■ Task prompt: Quote exactly, and only, the lines from the one containing "Eight different styles" through the end of the material below. Skip pictures.

■ Dataset extract:
-- Opening Marker --
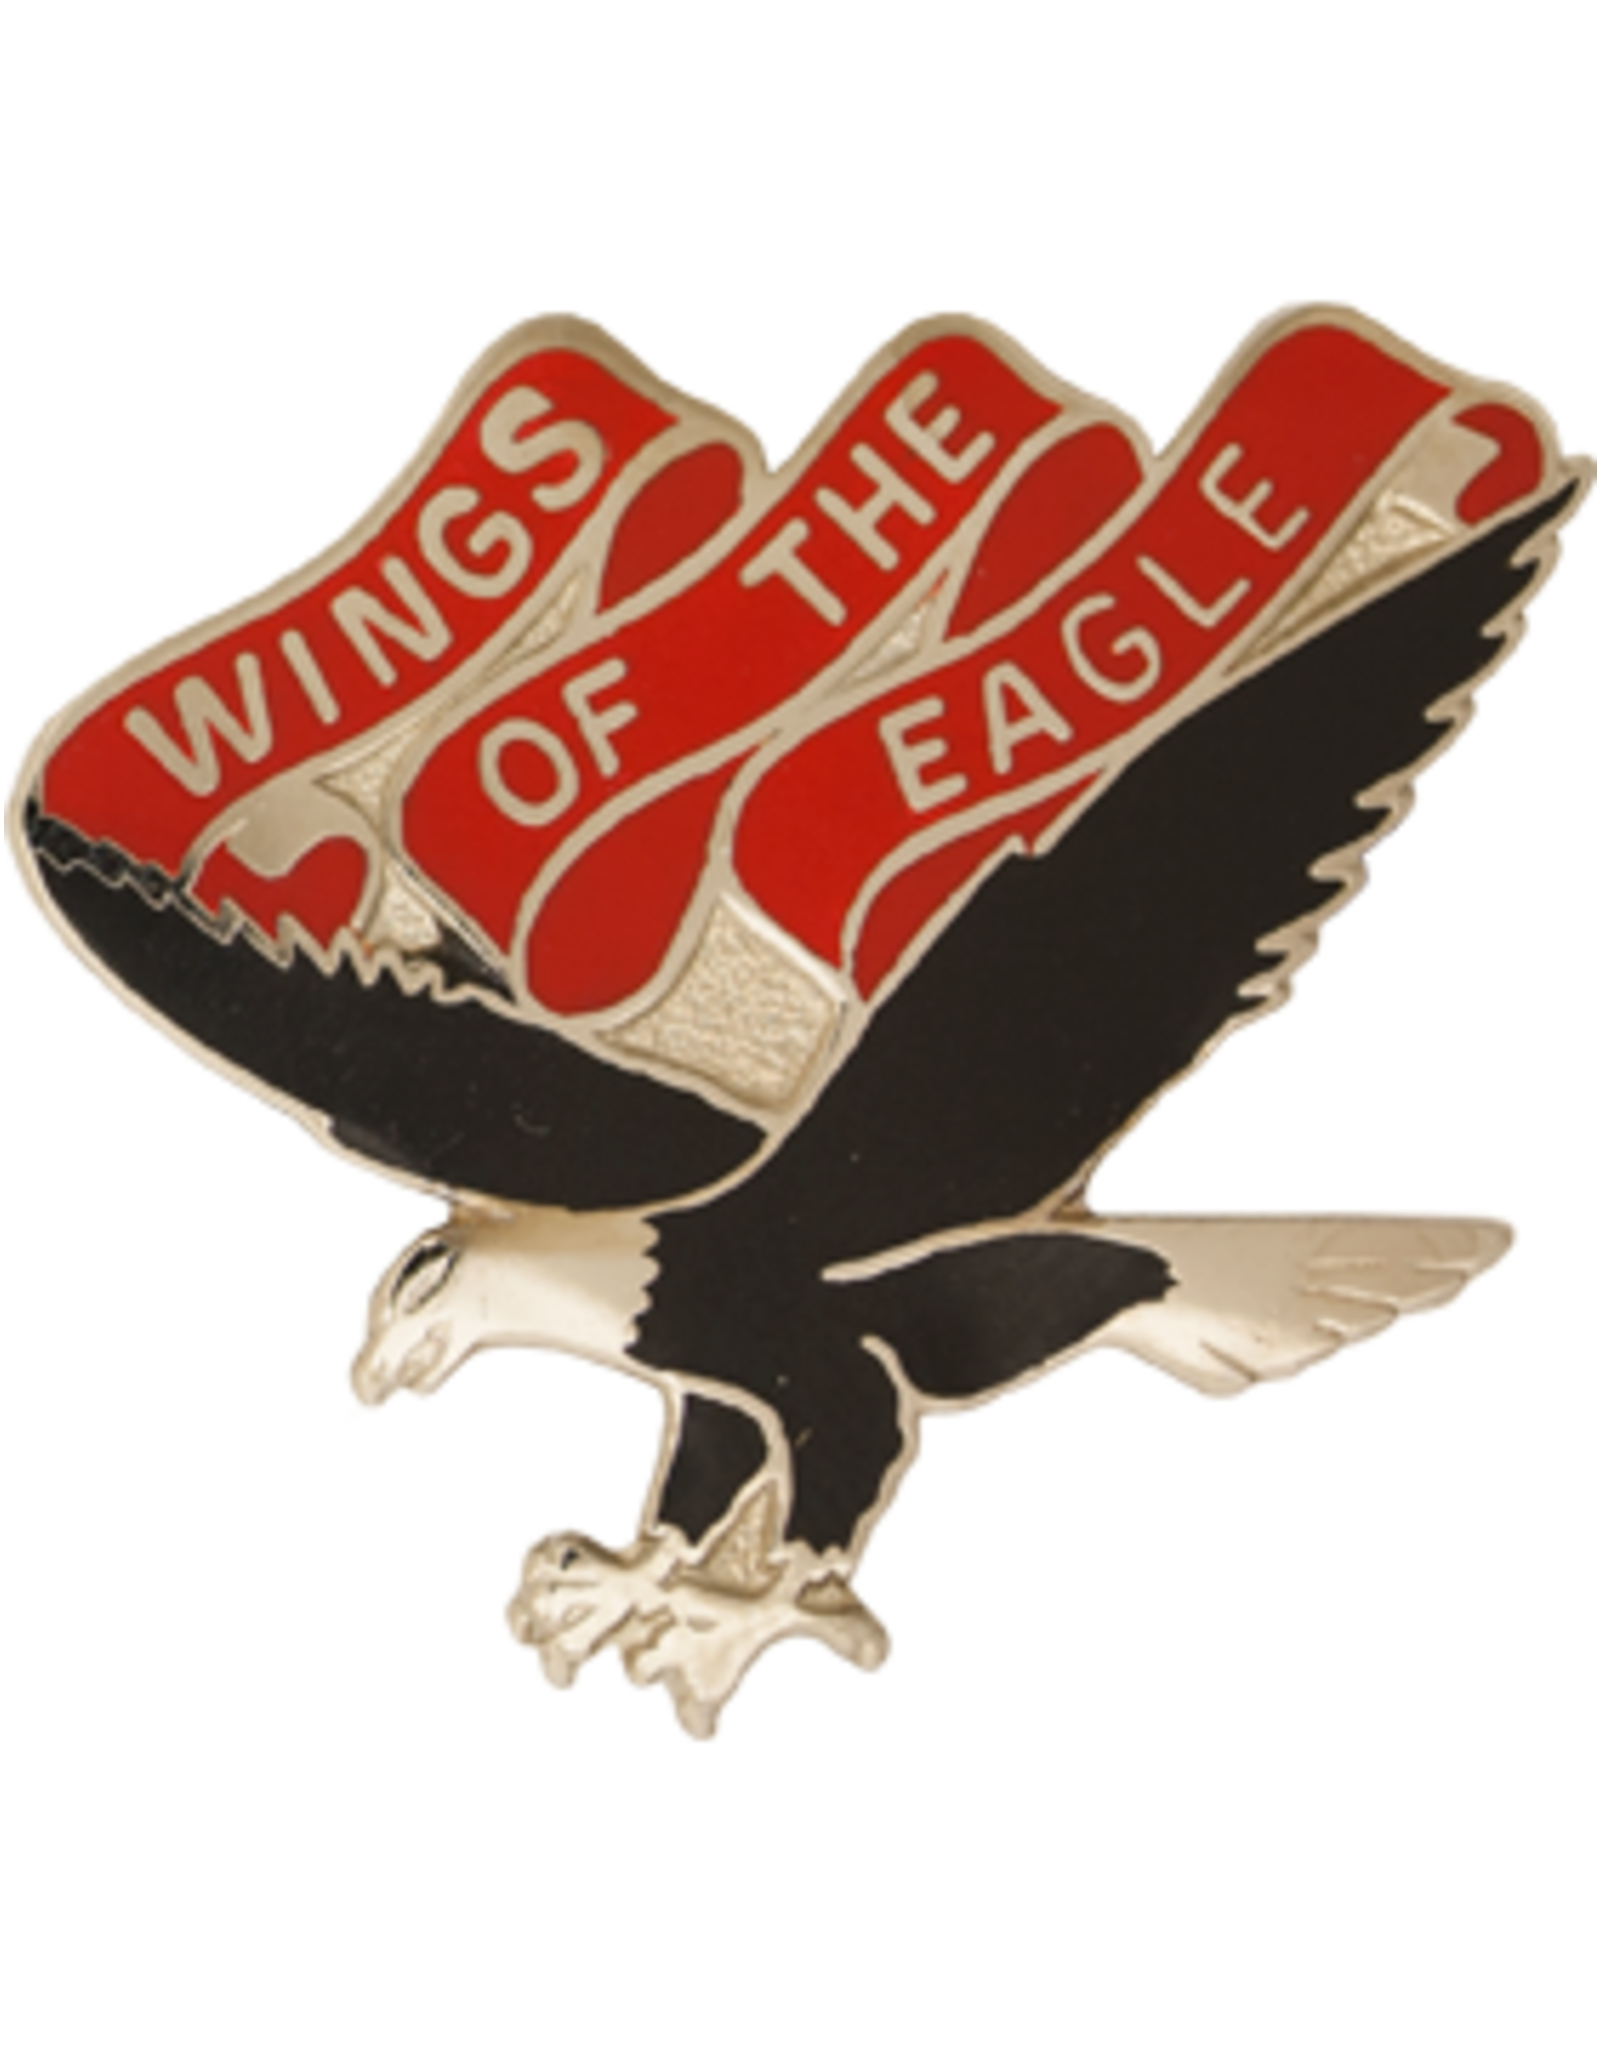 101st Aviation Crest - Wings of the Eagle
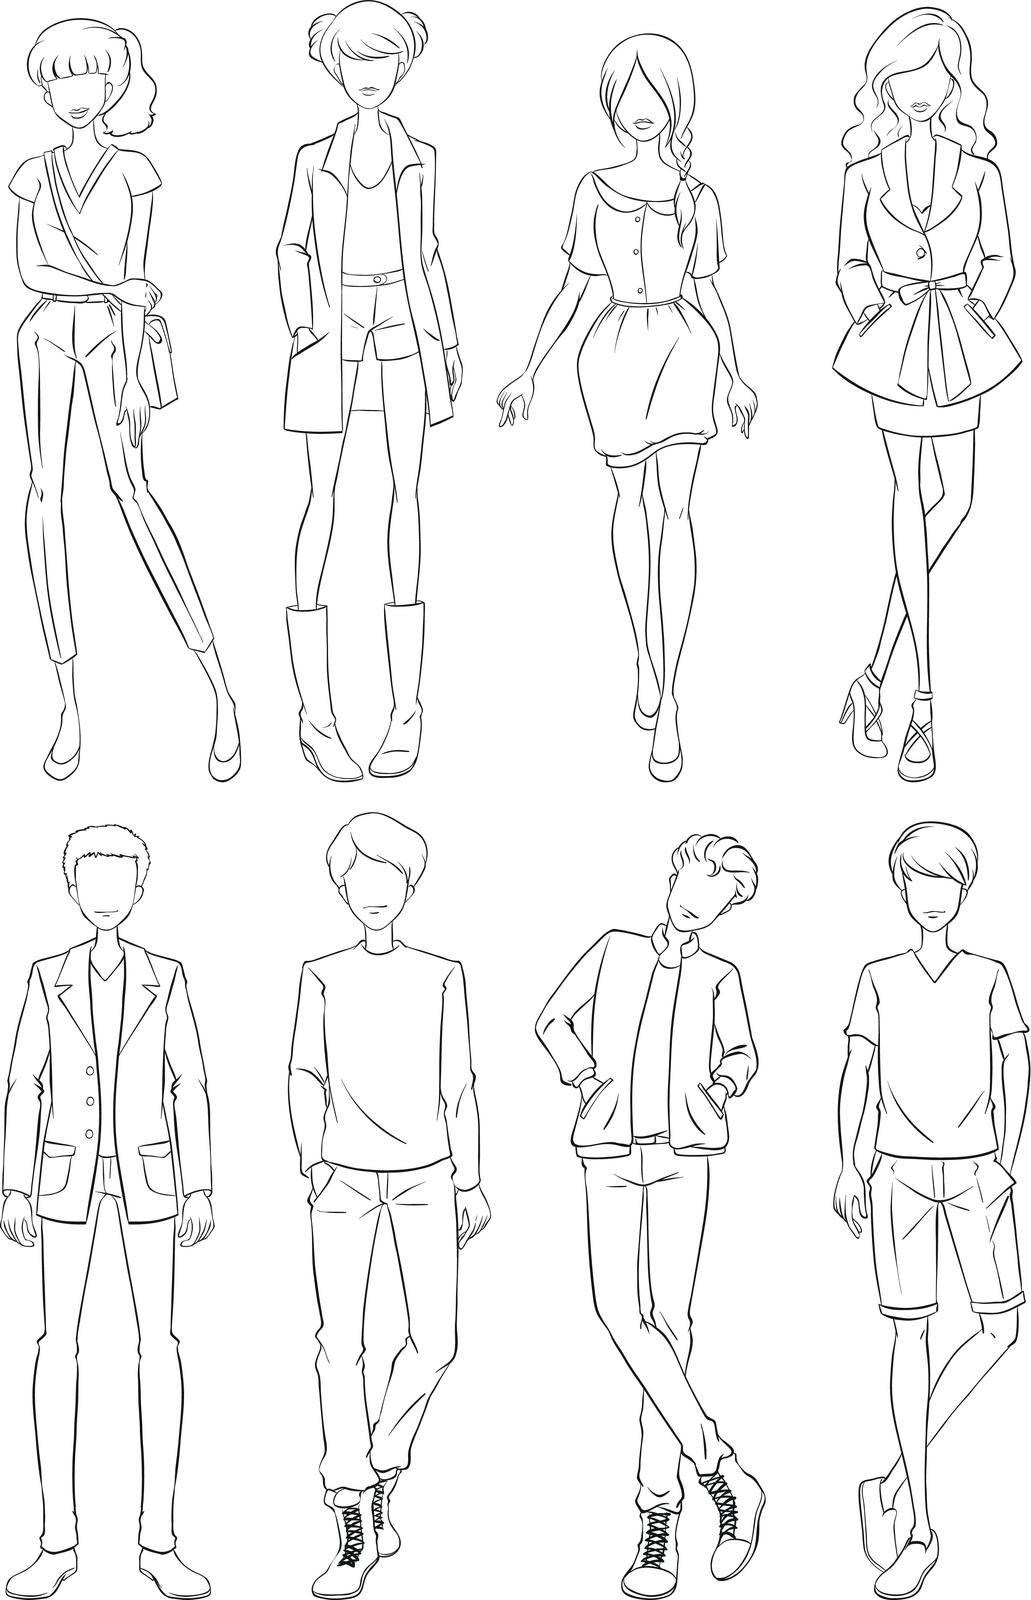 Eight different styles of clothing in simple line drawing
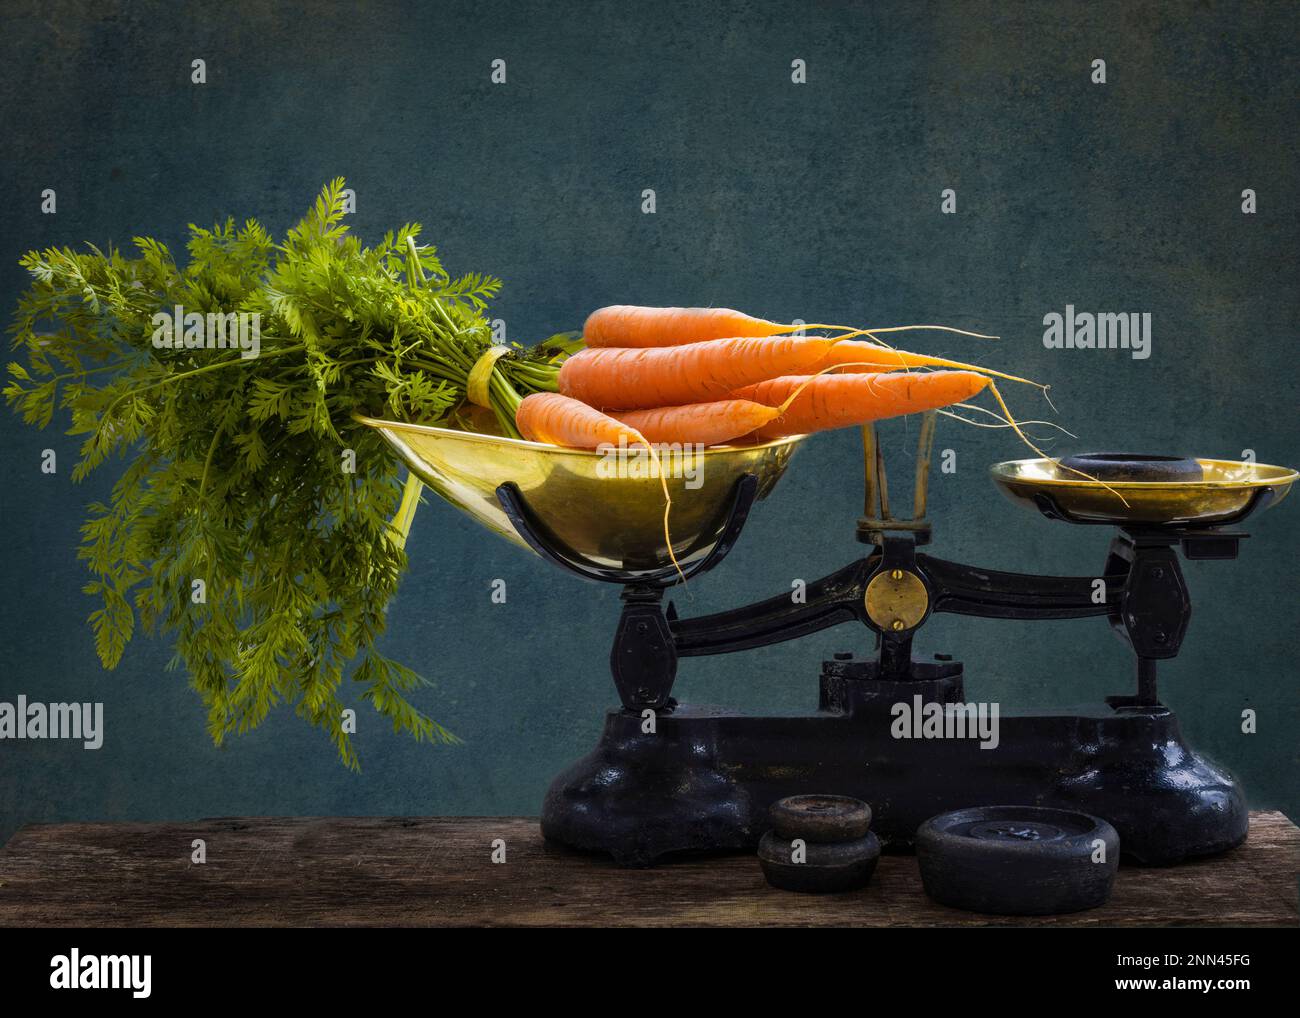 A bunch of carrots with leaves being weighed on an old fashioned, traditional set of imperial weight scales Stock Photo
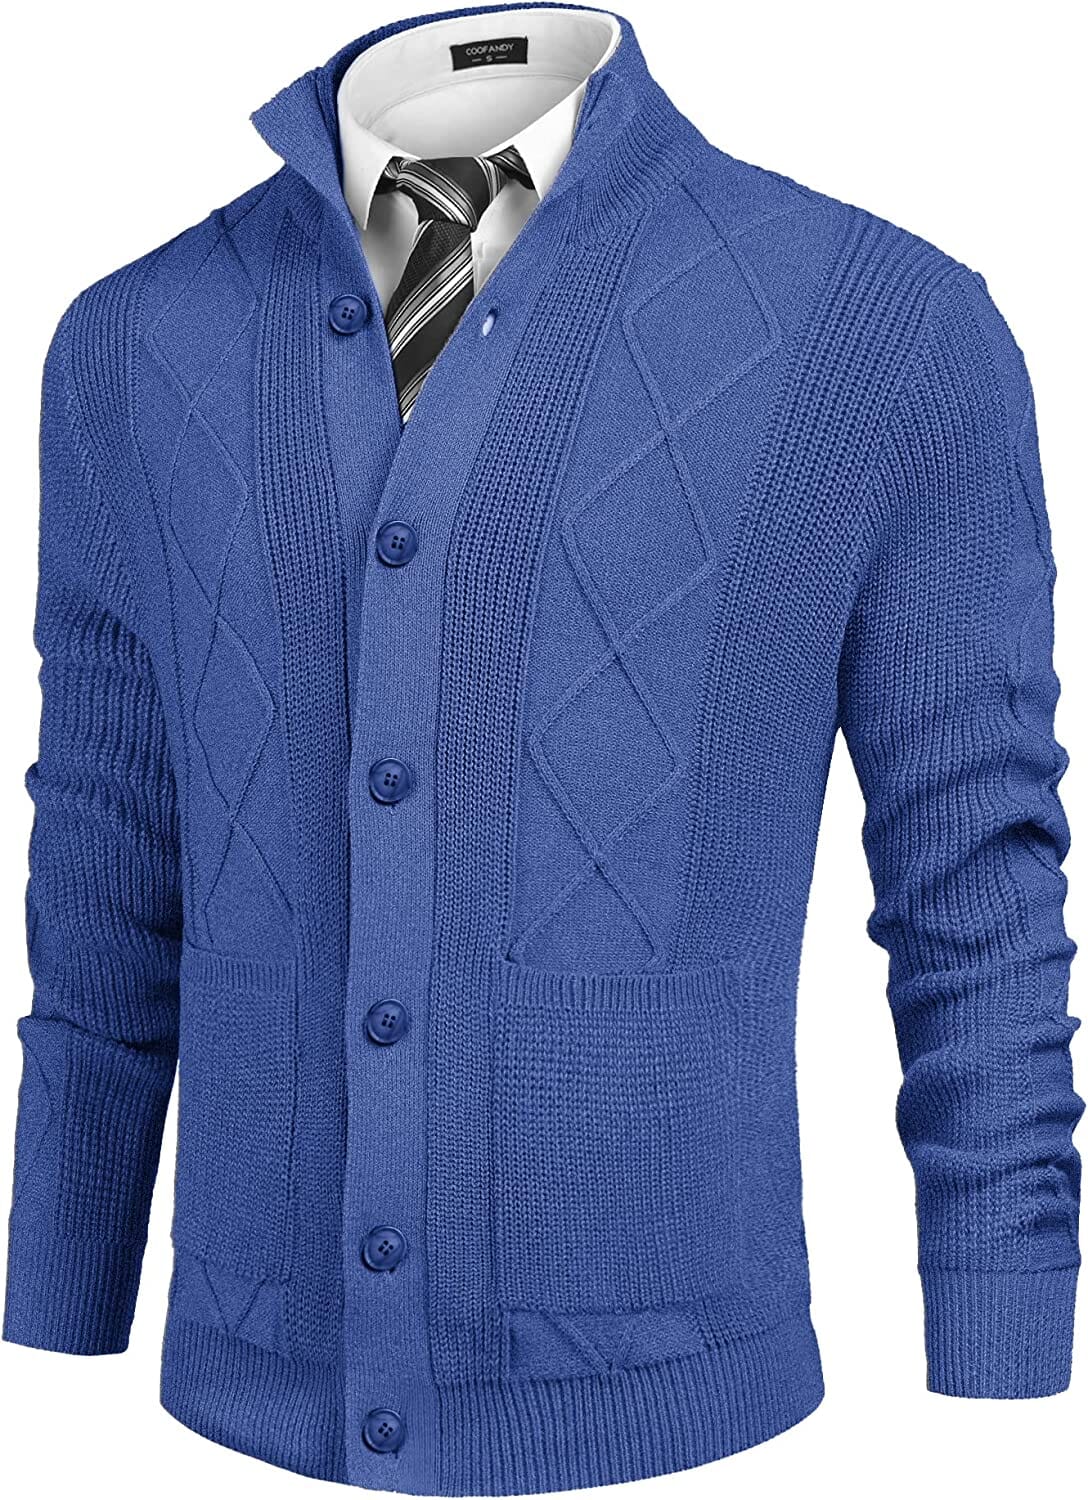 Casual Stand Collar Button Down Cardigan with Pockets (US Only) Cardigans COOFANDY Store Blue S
-- Closing Marker --
■ Written solution:
 Eight different styles of clothing in simple line drawing
 A bunch of carrots with leaves being weighed on an old fashioned, traditional set of imperial weight scales Stock Photo
 Casual Stand Collar Button Down Cardigan with Pockets (US Only) Cardigans COOFANDY Store Blue S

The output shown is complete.